### [What is required]
Return each line below exactly as it reads, and omit any image in it.

### [Given material]
══════════

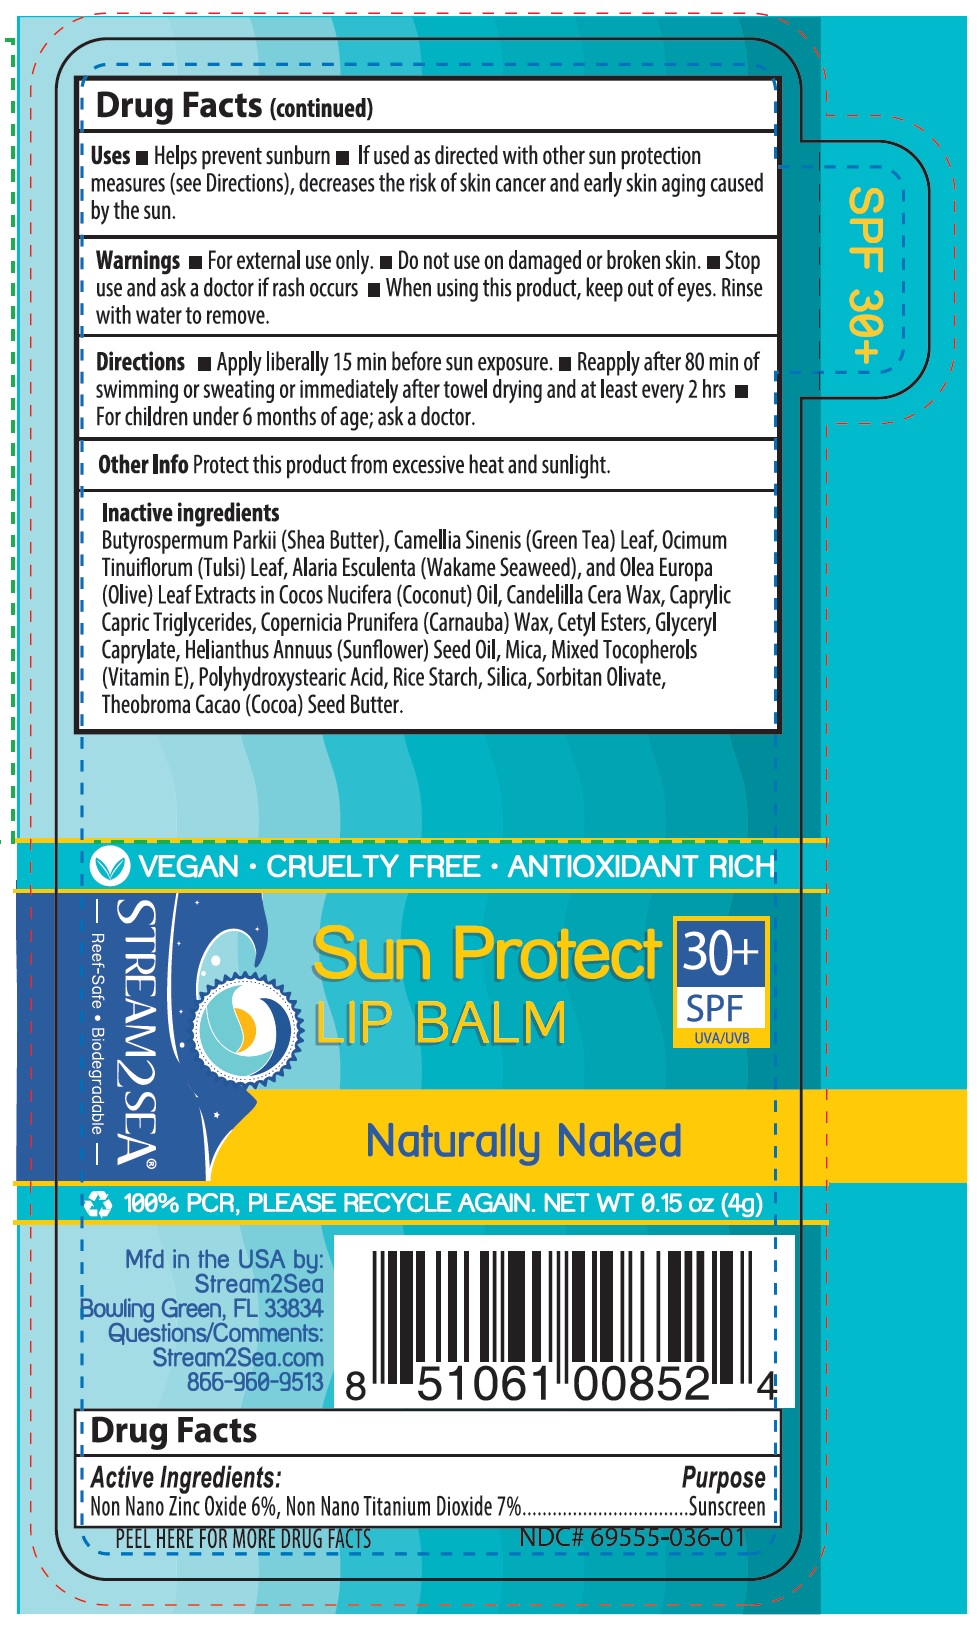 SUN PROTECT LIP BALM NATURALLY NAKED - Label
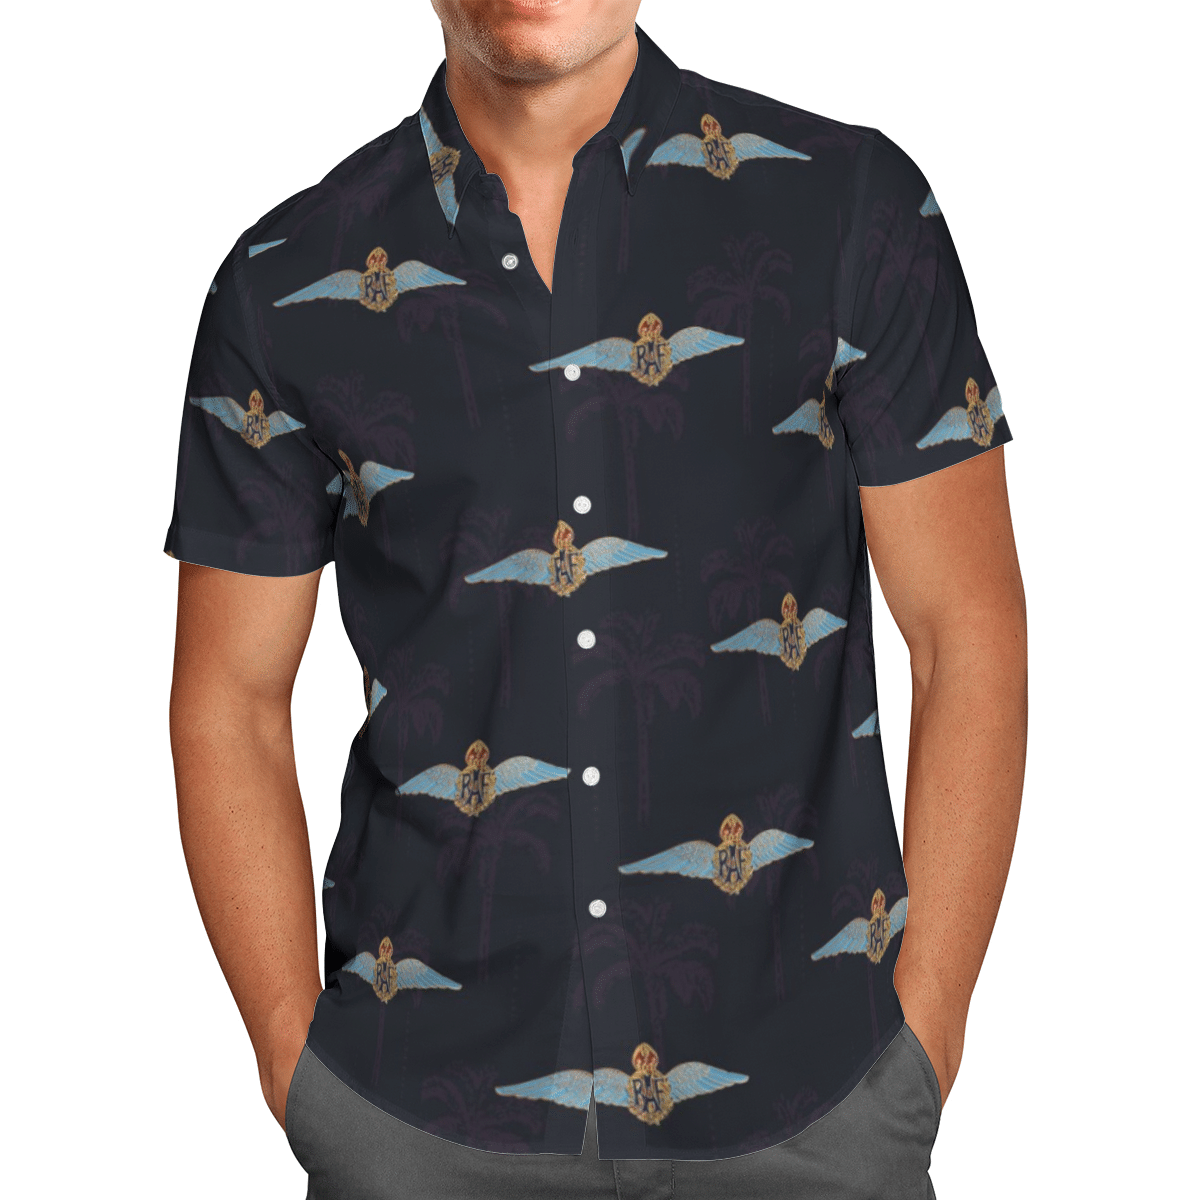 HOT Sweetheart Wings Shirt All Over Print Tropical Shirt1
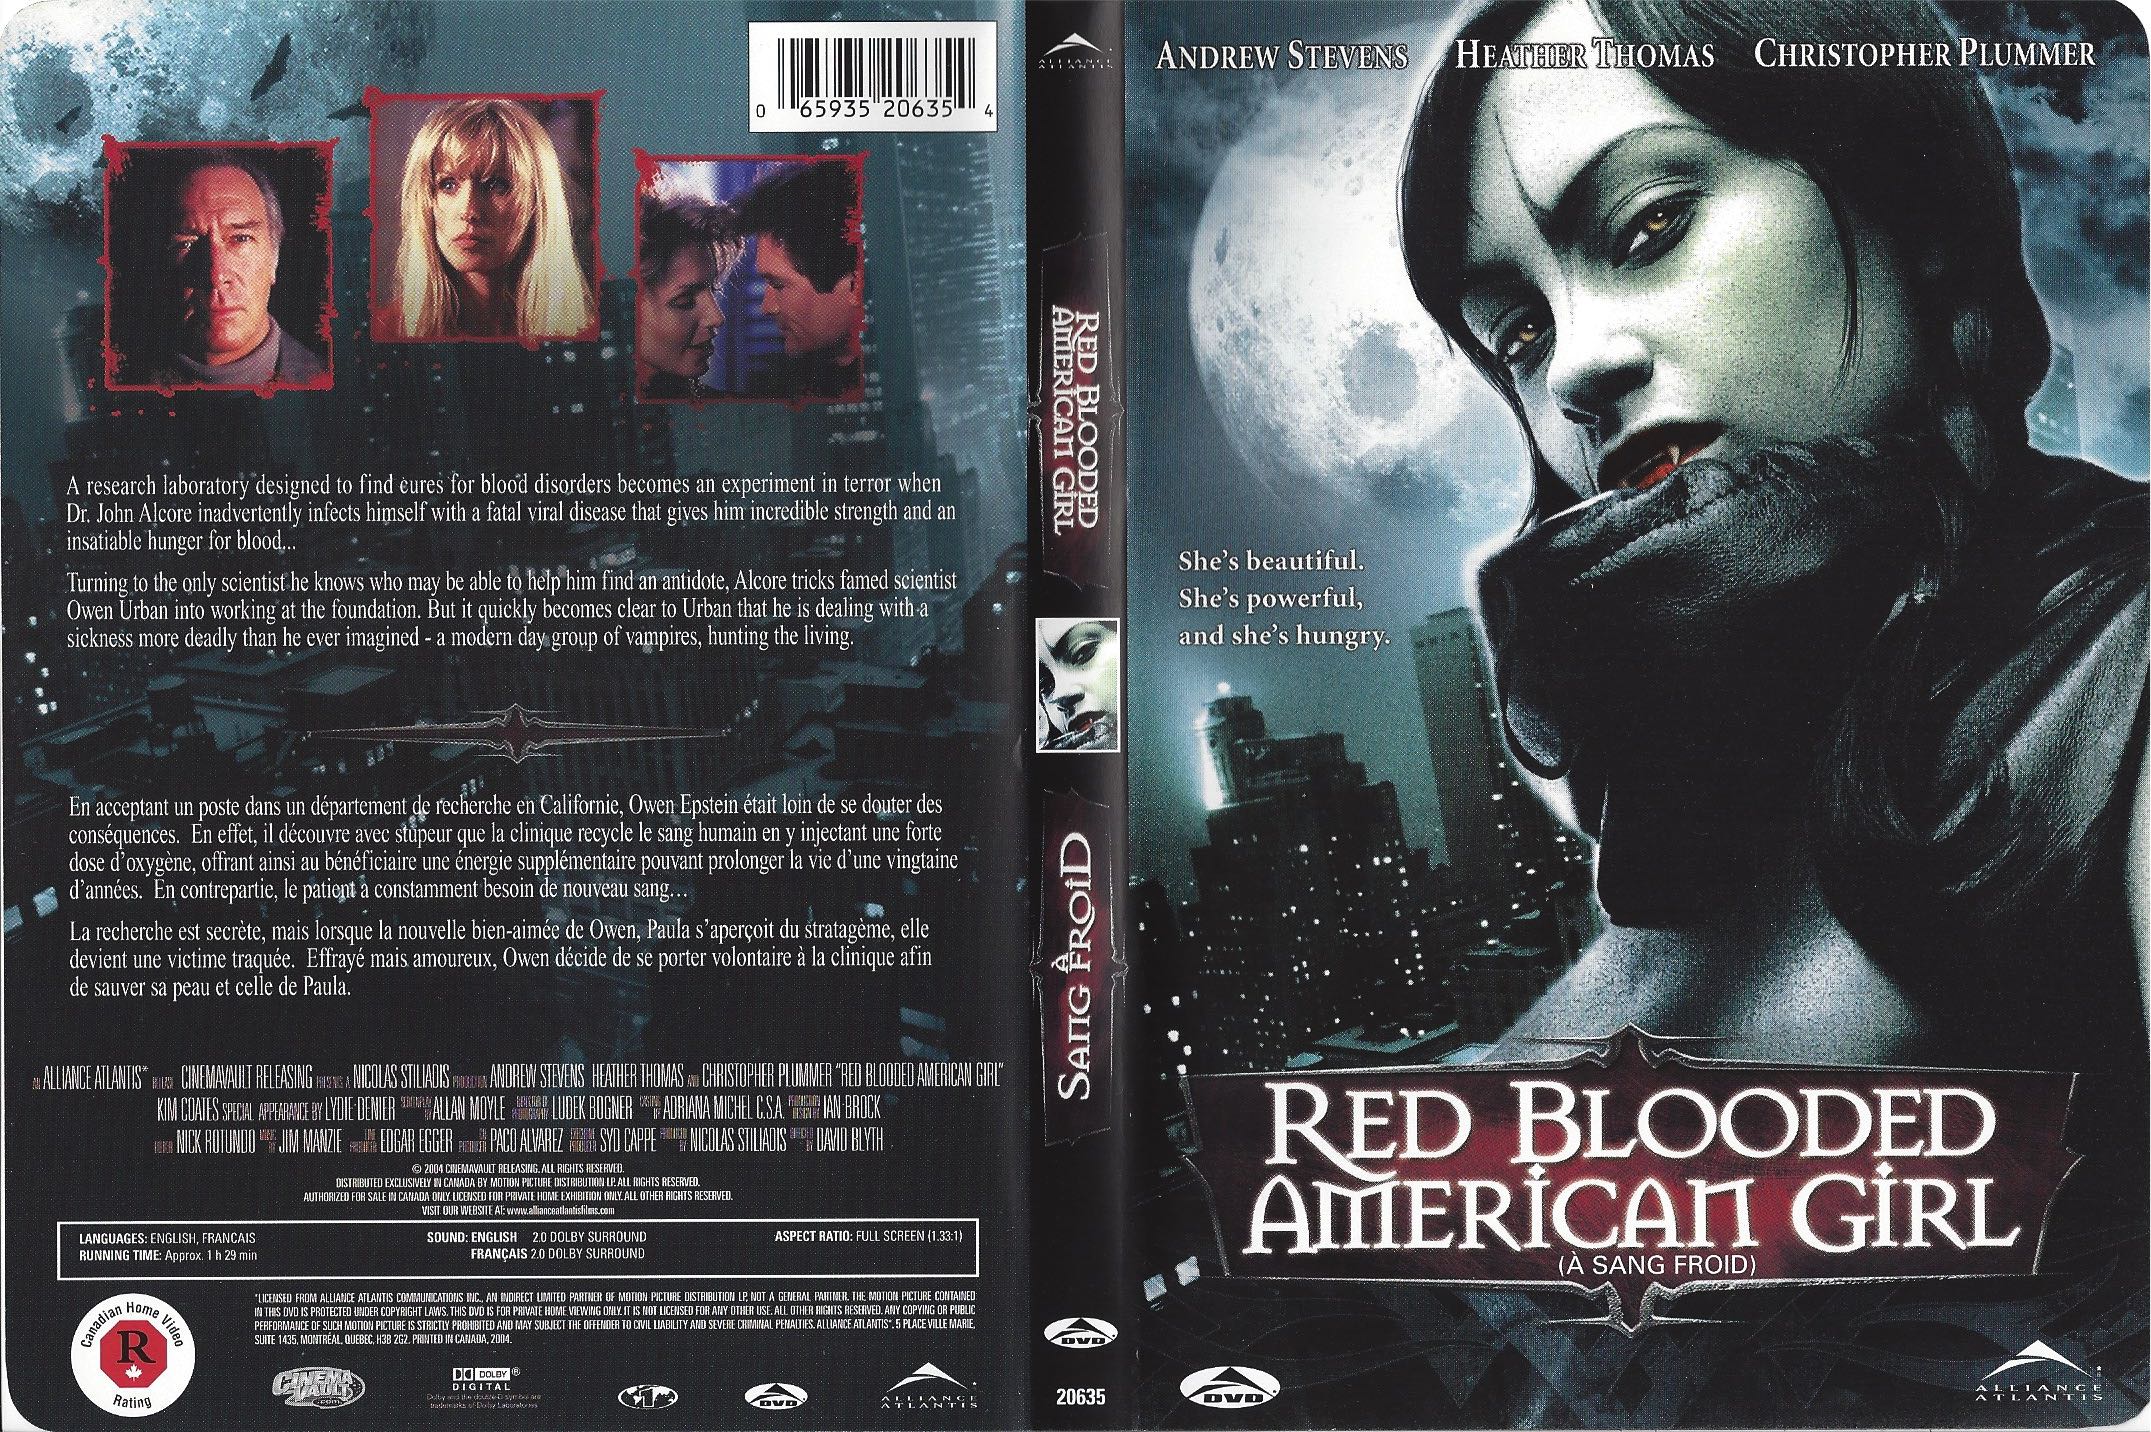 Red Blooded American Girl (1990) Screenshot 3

══════════

### [The completed task]
 SUN PROTECT LIP BALM NATURALLY NAKED - Label
 HOT Sweetheart Wings Shirt All Over Print Tropical Shirt1
 Red Blooded American Girl (1990) Screenshot 3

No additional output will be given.